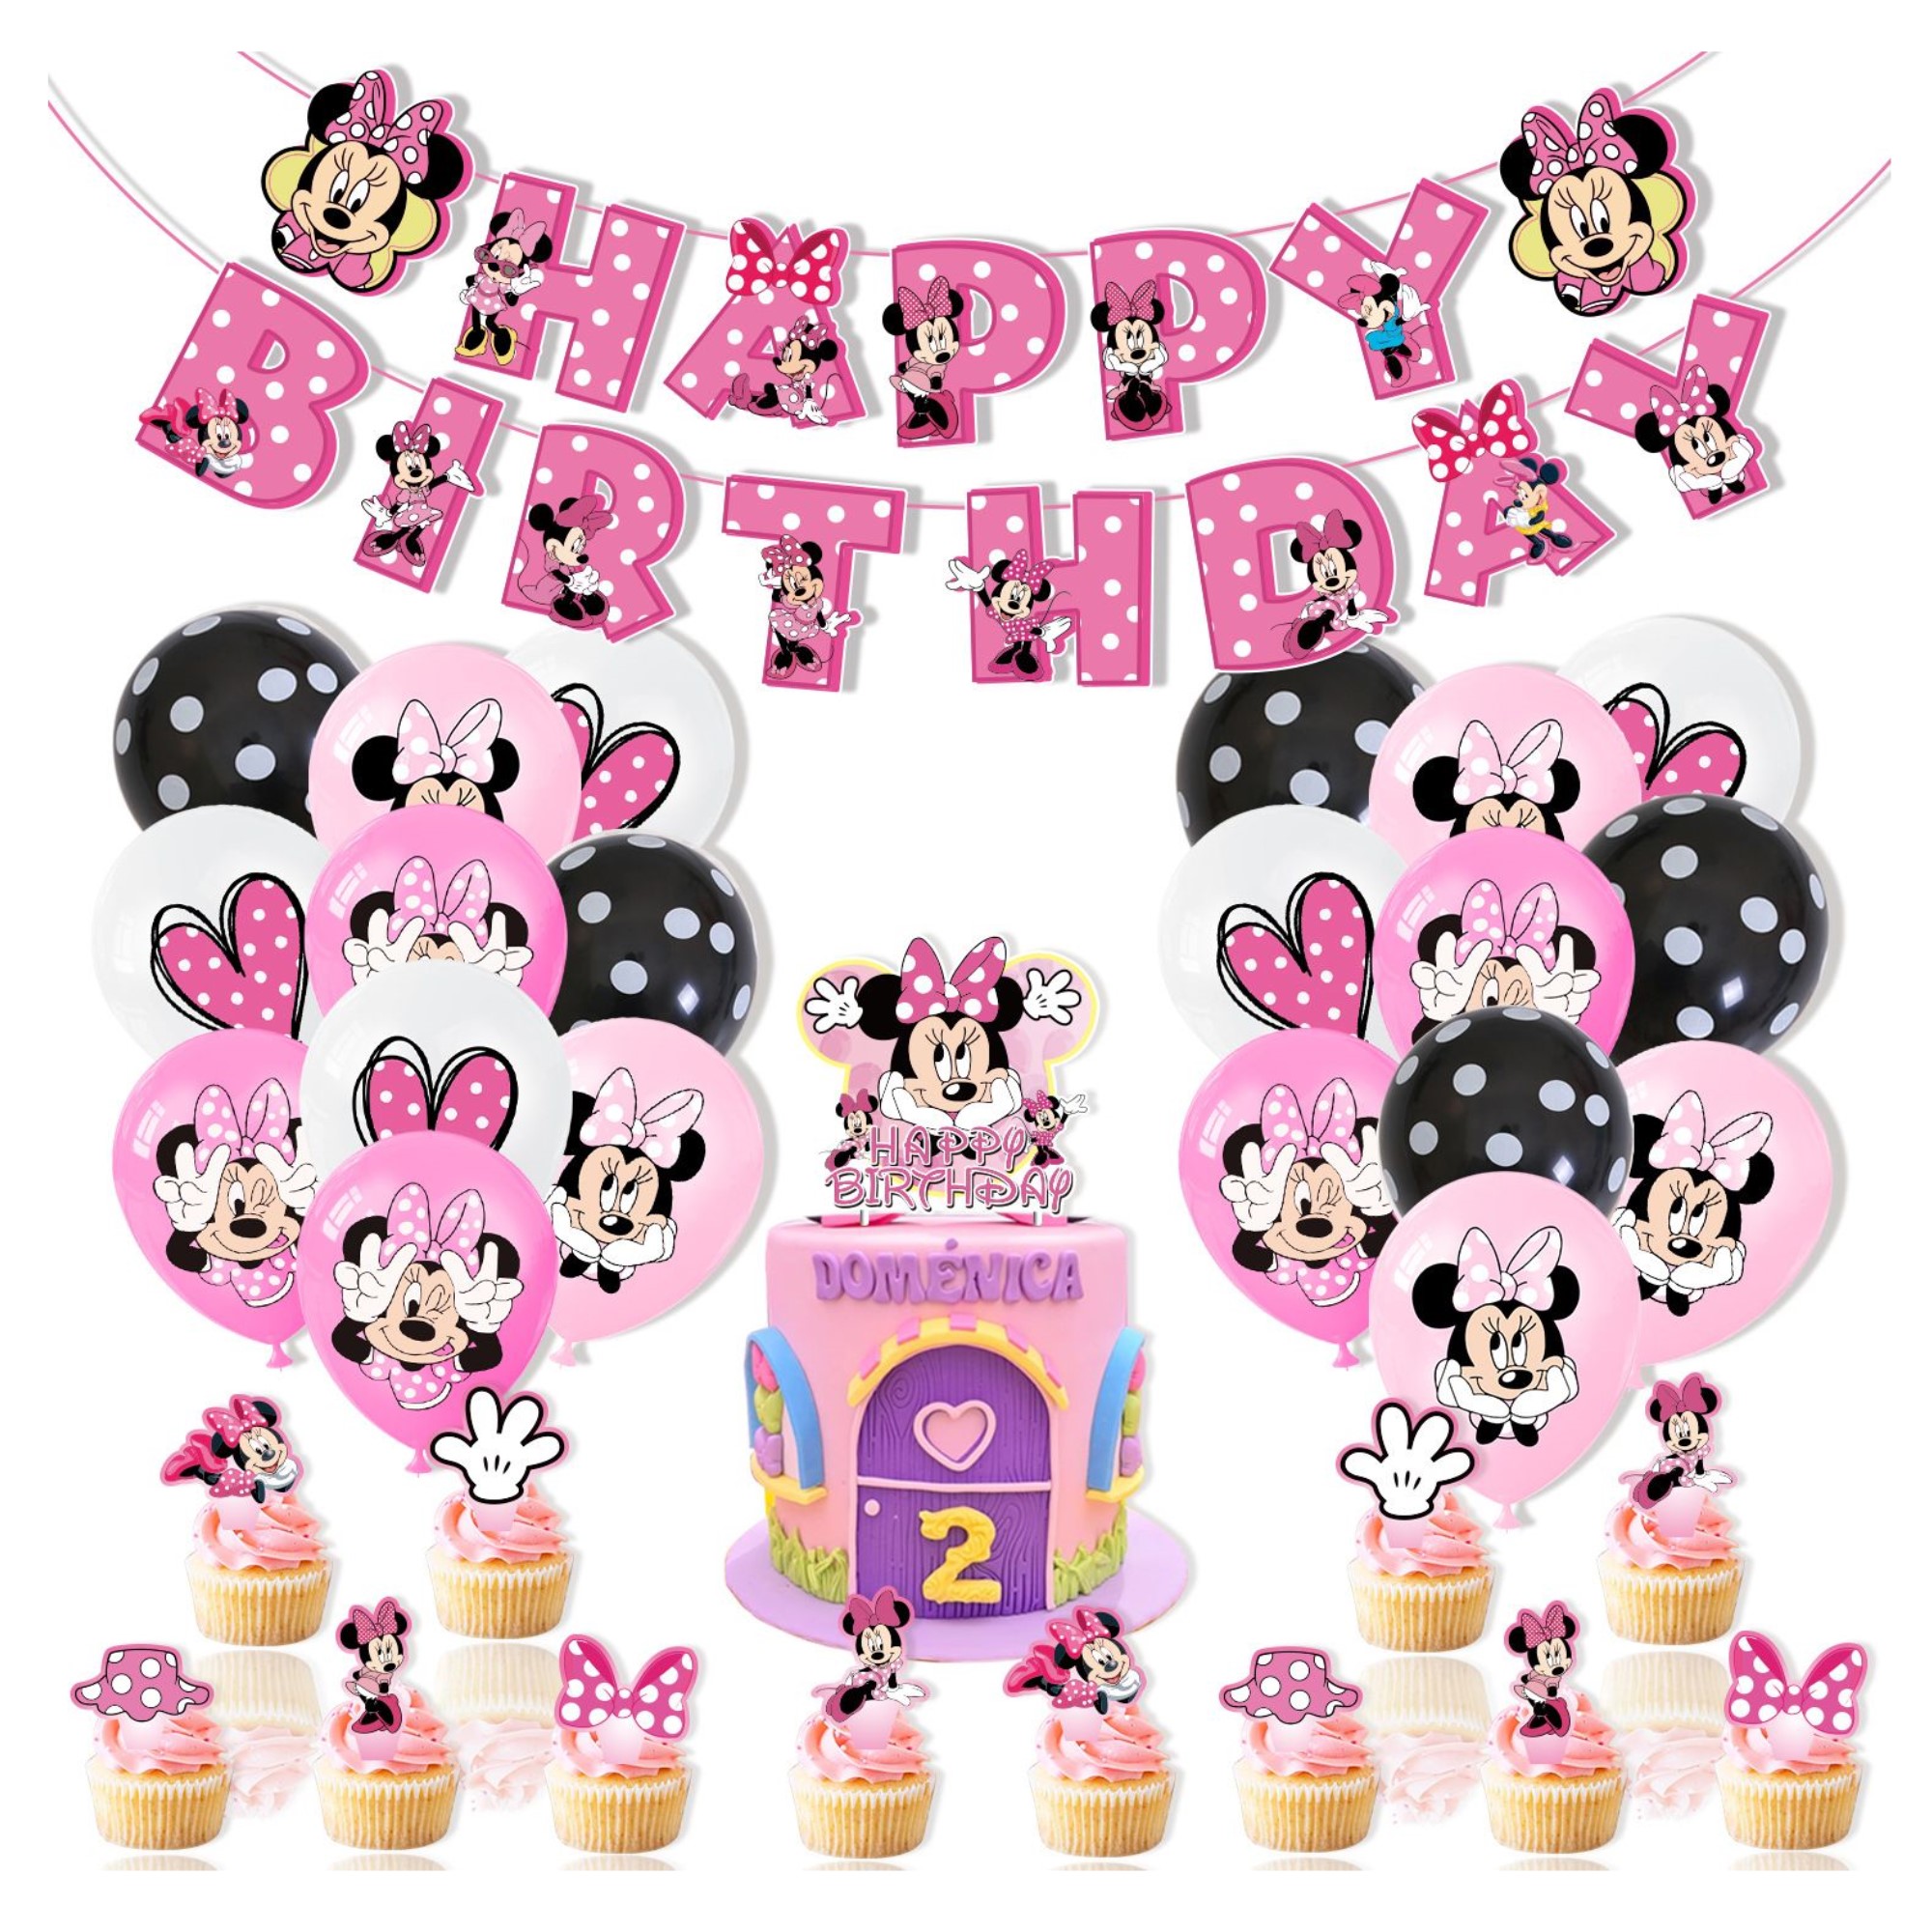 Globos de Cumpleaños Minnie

---------------

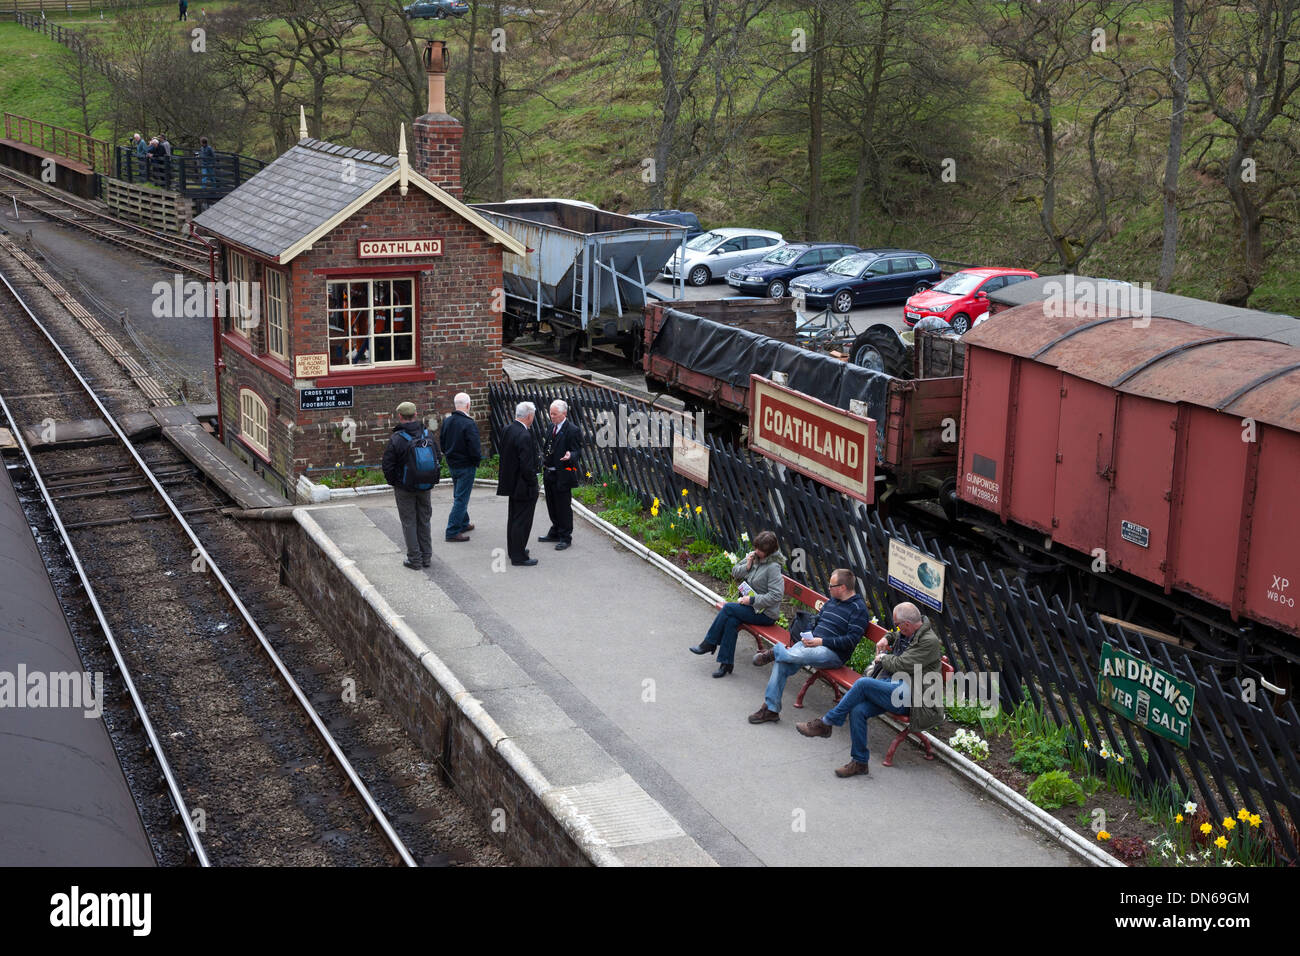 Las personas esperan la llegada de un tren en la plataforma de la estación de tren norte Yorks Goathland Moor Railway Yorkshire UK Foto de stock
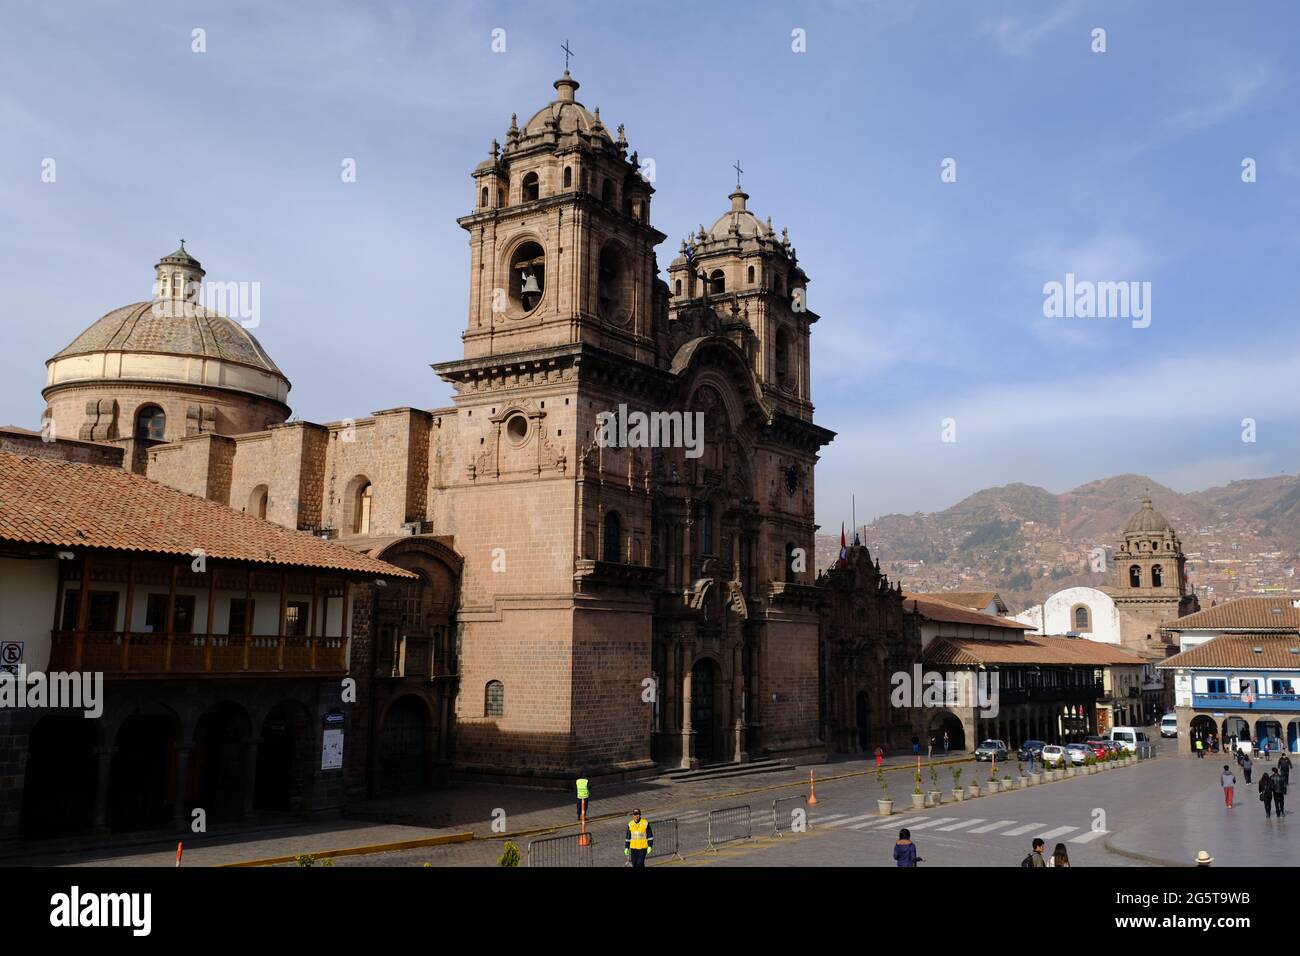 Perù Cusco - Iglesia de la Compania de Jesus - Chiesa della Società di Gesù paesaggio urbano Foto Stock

---------------

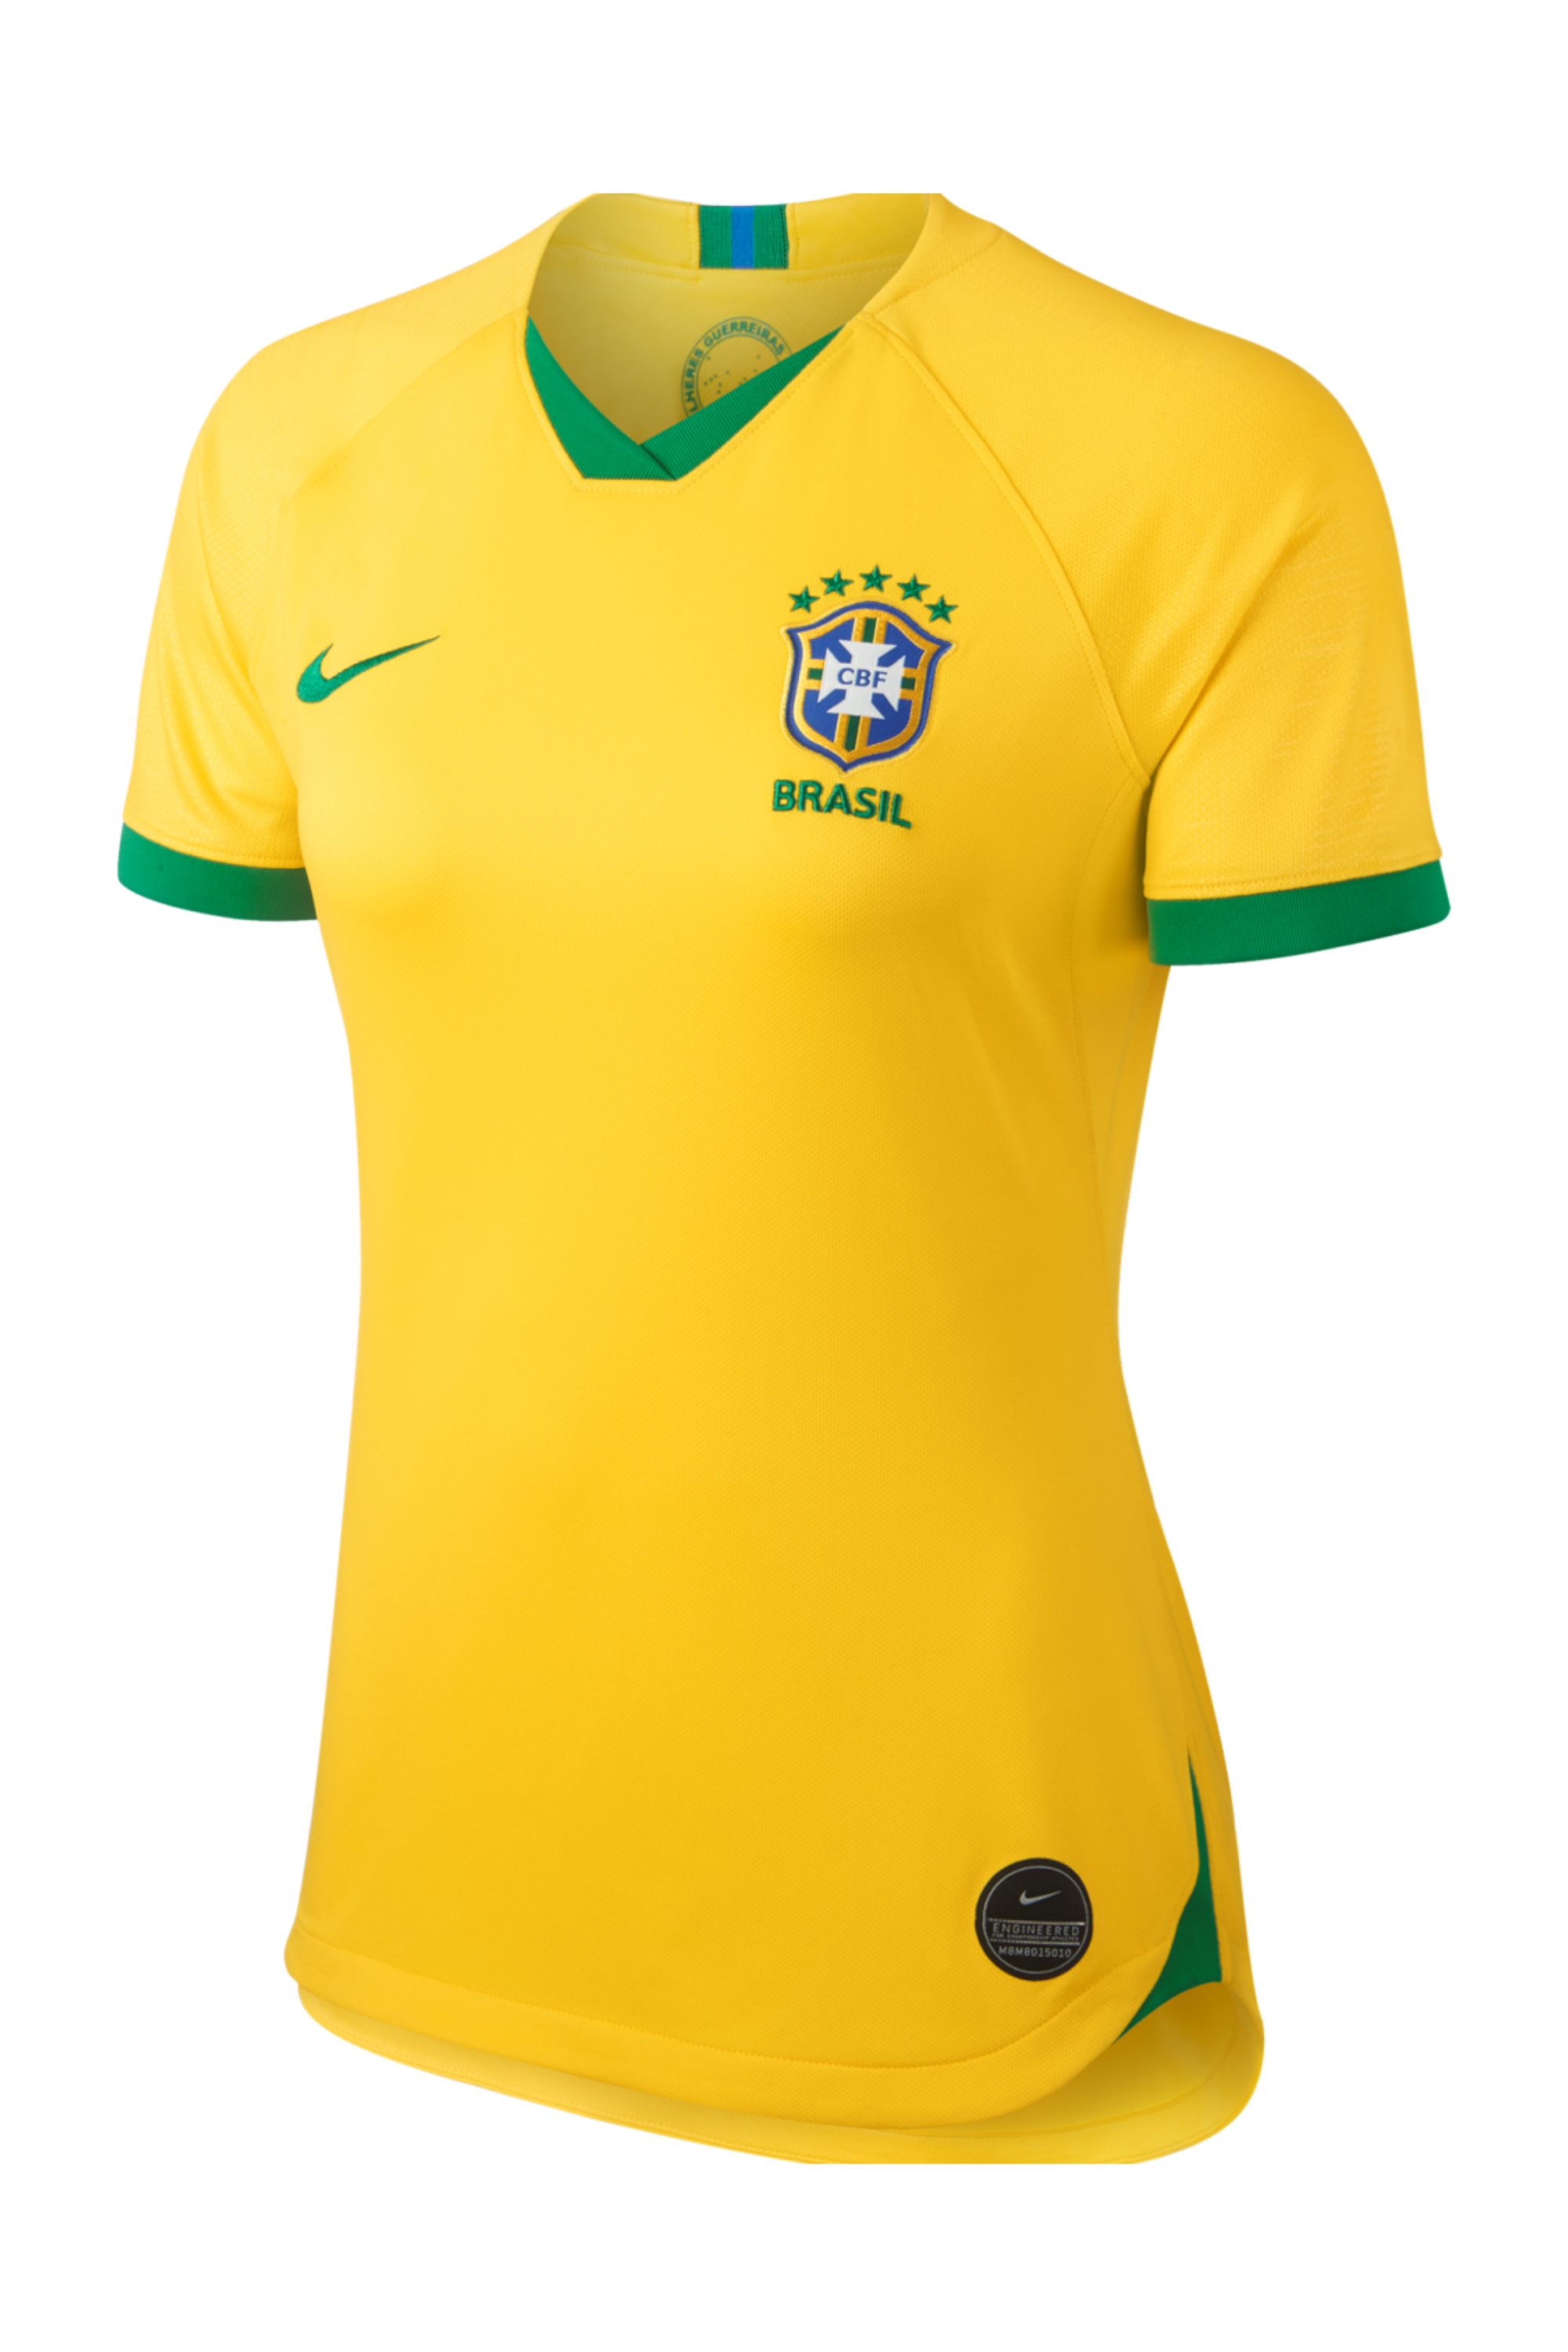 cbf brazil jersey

---------------

Task: From the listing above, repeat only the lines between the line containing "Las personas esperan" and the line containing "Perù Cusco - Iglesia", those two included. Pictures are not part of the copy.

Response box:
 Las personas esperan la llegada de un tren en la plataforma de la estación de tren norte Yorks Goathland Moor Railway Yorkshire UK Foto de stock
 Perù Cusco - Iglesia de la Compania de Jesus - Chiesa della Società di Gesù paesaggio urbano Foto Stock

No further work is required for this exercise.